There was no apparent association between serum sodium levels and duration of hospitalization or risk of acute kidney injury.

During hospitalization, serum sodium levels progressively increased, from a median 137 mmol/L at baseline to 141 mmol/L on day 18 (p<0.001), as did serum urea levels (from 6.2 to 7.2 mmol/L; p=0.01).

“Both sodium (p=0.02) and urea levels (p<0.001) were significantly higher over the hospitalization period among non-survivors compared to survivors [and] the value of the last serum sodium measurement prior to discharge or death was significantly higher in non-survivors compared to survivors (141 vs 139 mmol/L; p<0.005),” noted the investigators.

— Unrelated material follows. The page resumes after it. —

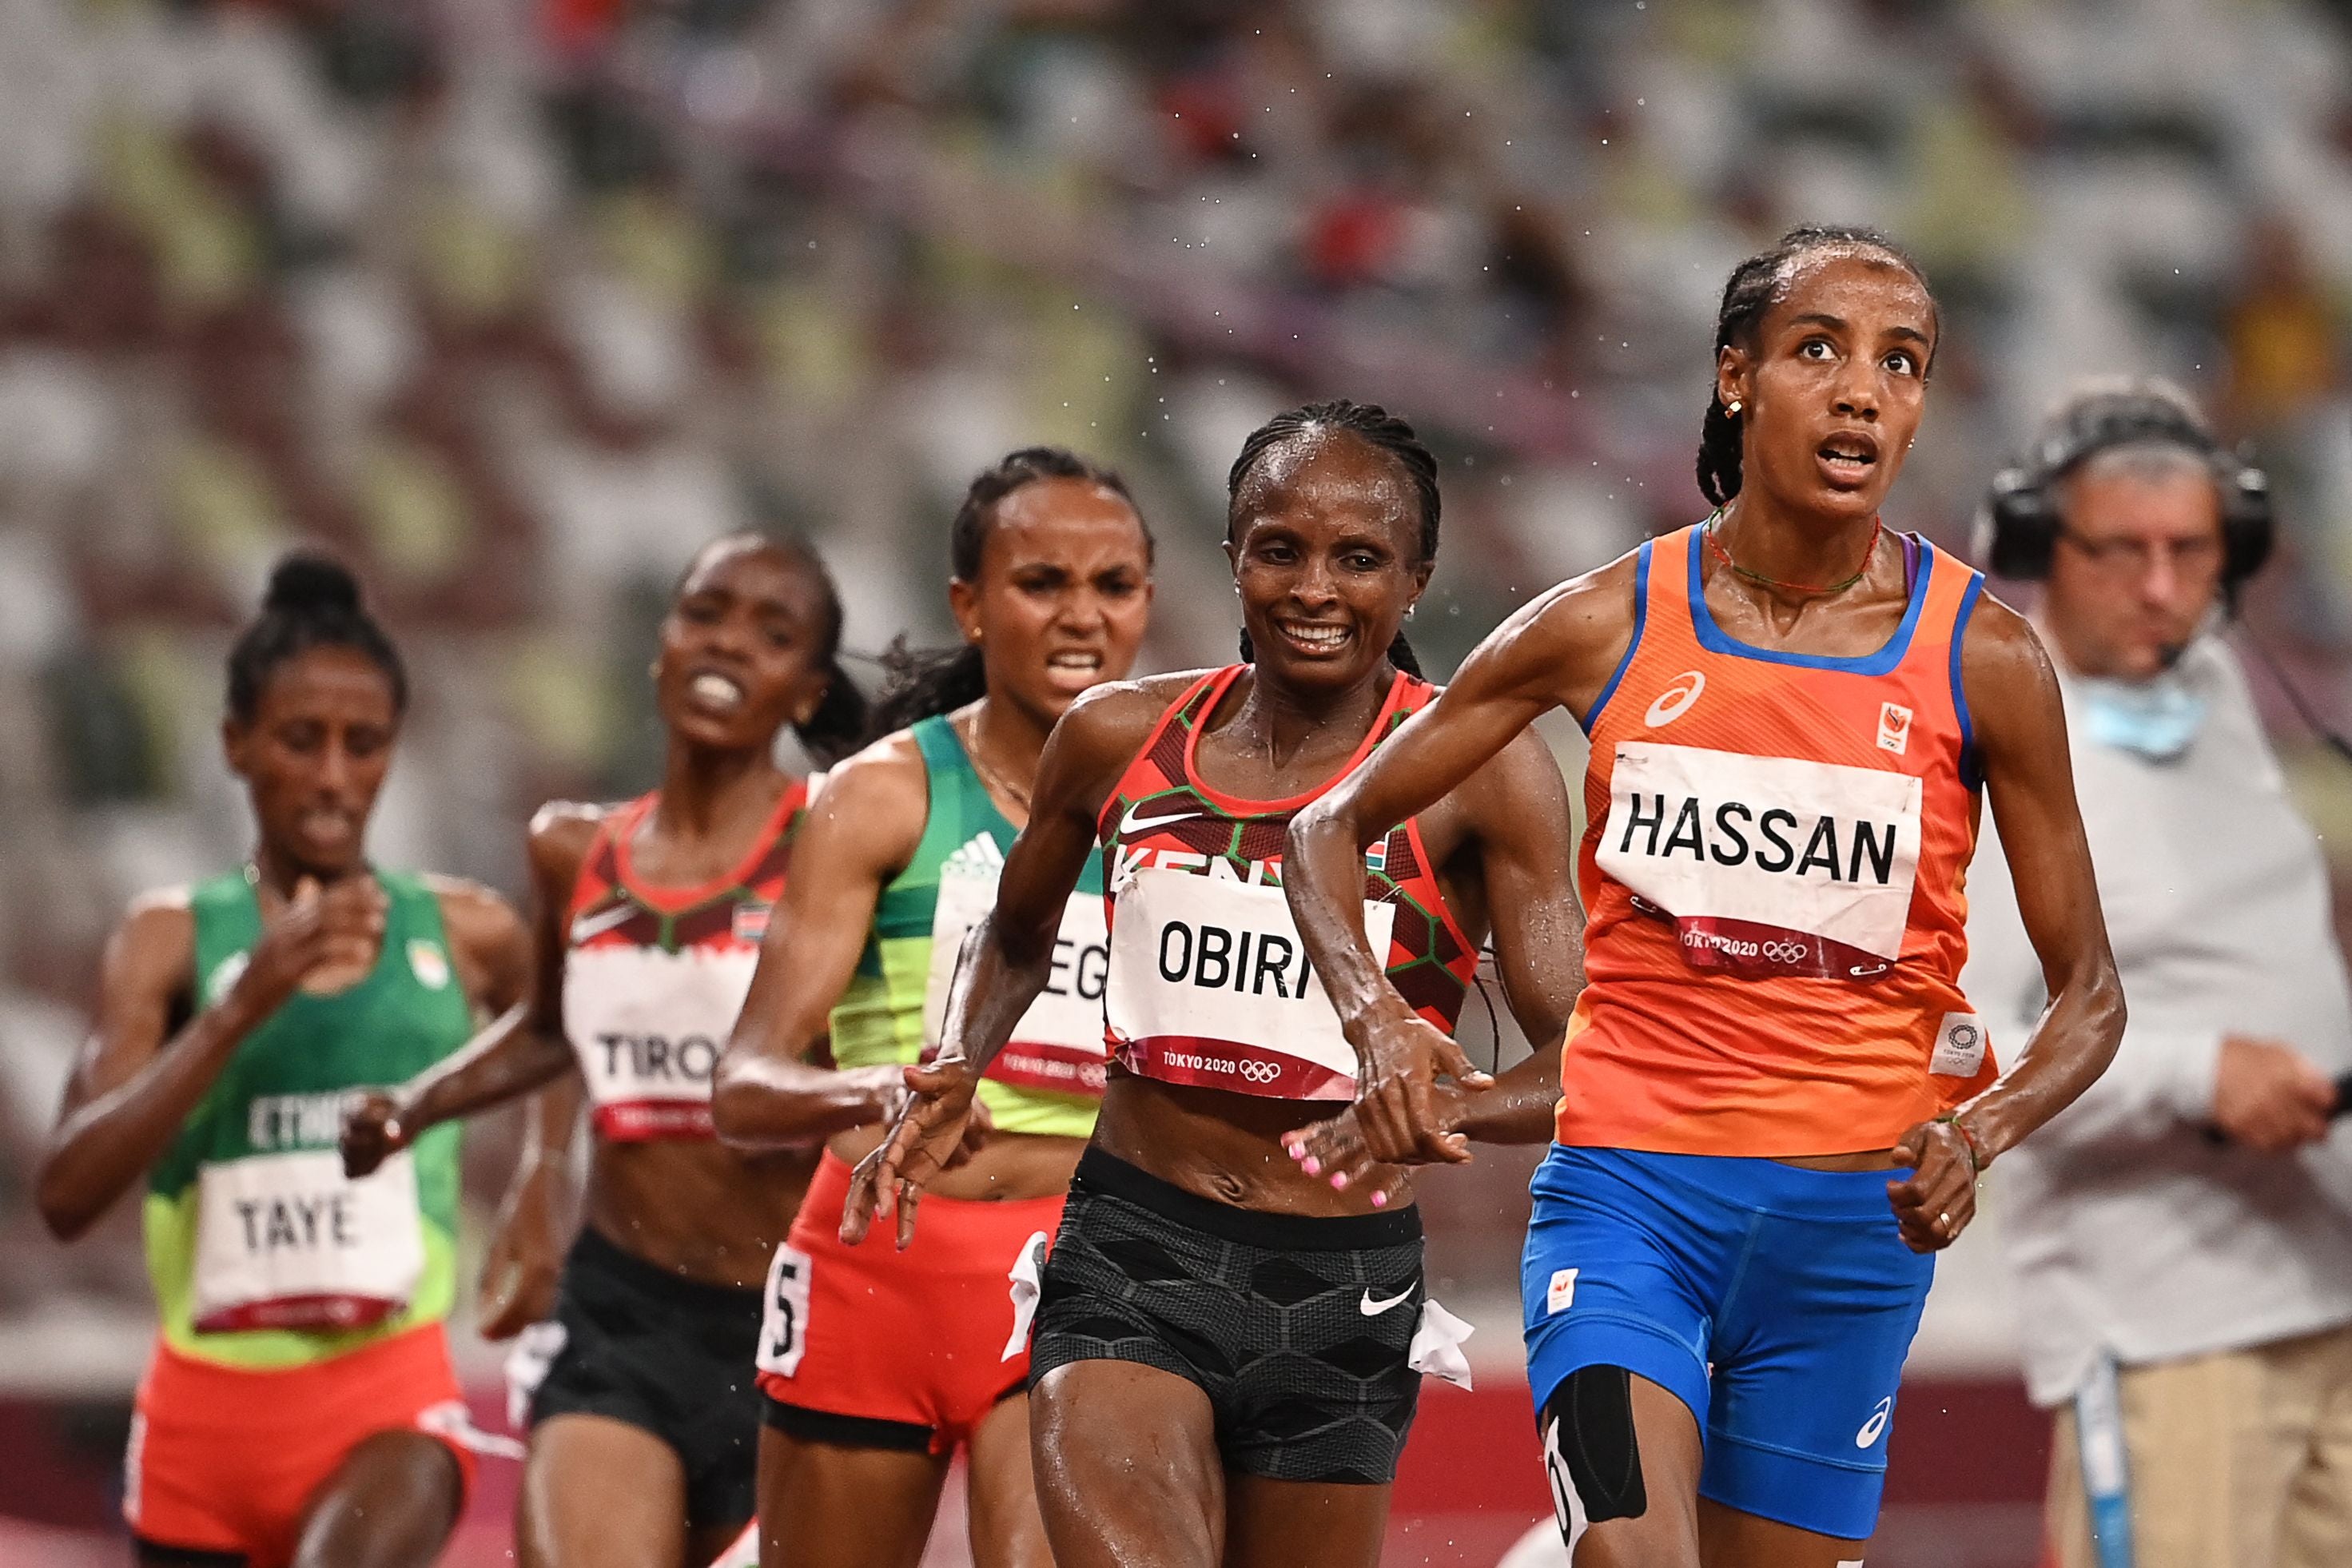 Dutch runner Hassan wins women's 5,000m gold at Tokyo Olympics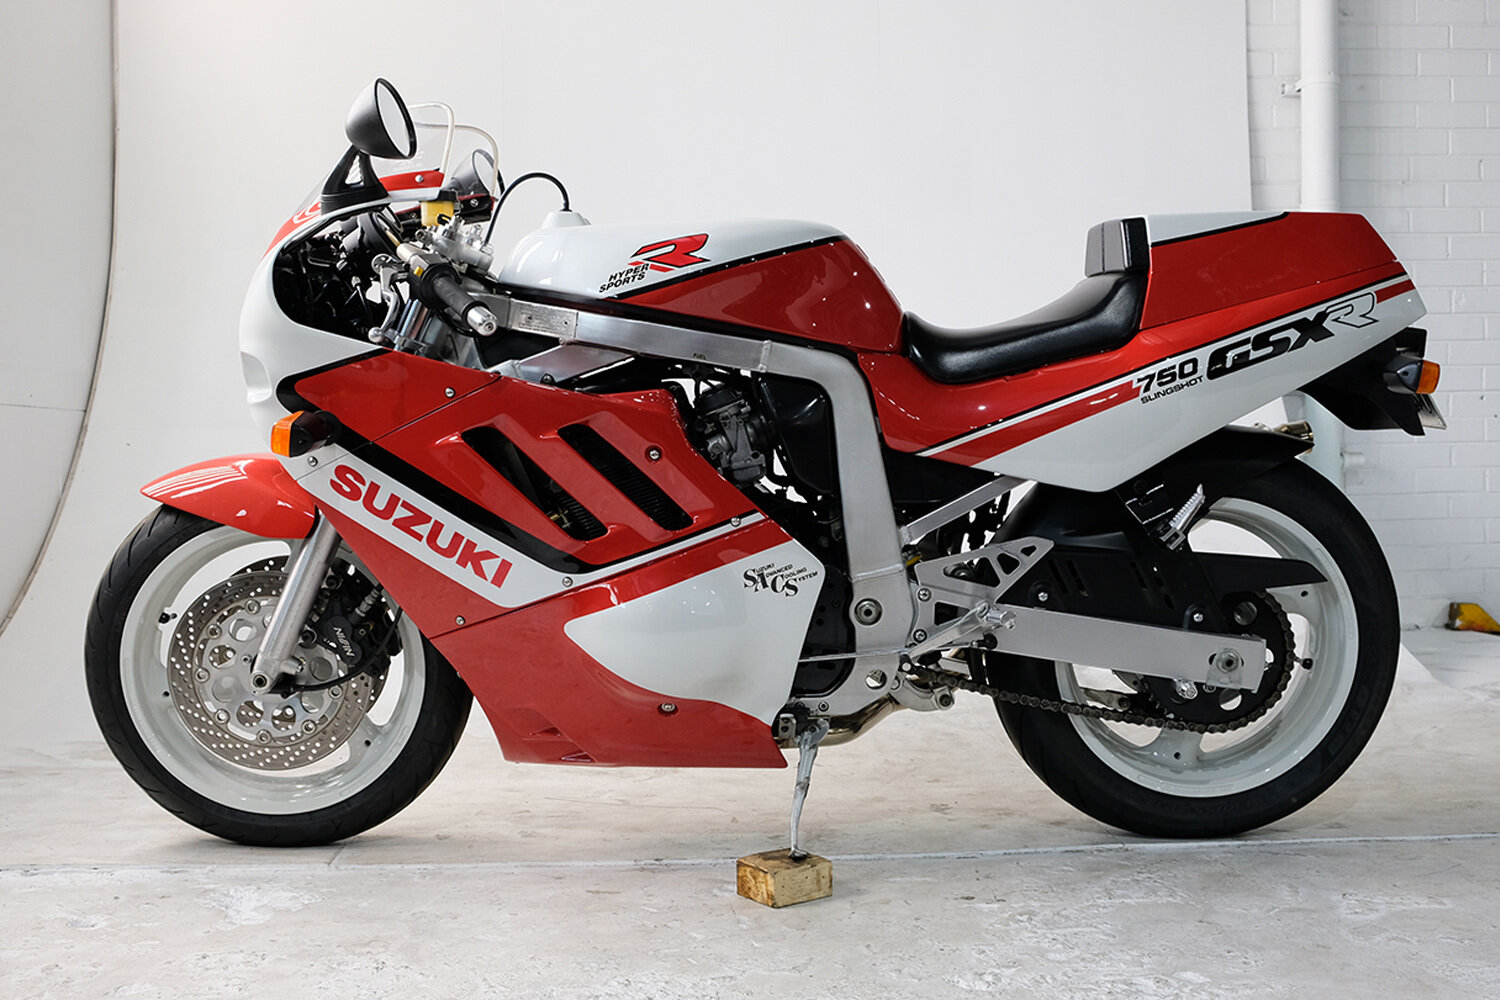 2011 Suzuki GSXR750 Review  Motorcyclecom

C-reactive protein levels at presentation were also significantly higher in non-survivors than survivors (median 117 vs 72 mg/L; p<0.0001).

 

Sodium levels as a biomarker?

“The key novel finding of our study was that hospital-acquired hypernatraemia, rather than hypernatraemia at admission, was a predictor for in-hospital mortality, with the worst prognosis being reported in patients with the largest increase in serum sodium in the first 5 days of hospitalization,” the investigators said.

“This study [also] shows for the first time that patients presenting at the hospital with COVID-19 and low sodium are twice as likely to need intubation or other means of advanced breathing support as those with normal sodium,” said lead investigator Honorary Associate Professor Ploutarchos Tzoulis from University College London Medical School London, UK.

“Sodium measurements can inform doctors about which COVID-19 patients are at high risk of deterioration and death [and] sodium levels can guide decision making about whether a COVID-19 patient needs hospital admission or monitoring in the ICU,” he said.

The investigators called for further study into identifying the mechanisms behind dysnatraemia in patients with COVID-19 and whether correcting these abnormalities would impact outcomes.

“Until more data are available and in line with the standard clinical approach in patients with other pathologies, an approach to fluid resuscitation which recognizes the frequency and severity of volume depletion, whilst taking appropriate care to prevent fluid overload or pulmonary oedema, should be strongly considered,” they suggested.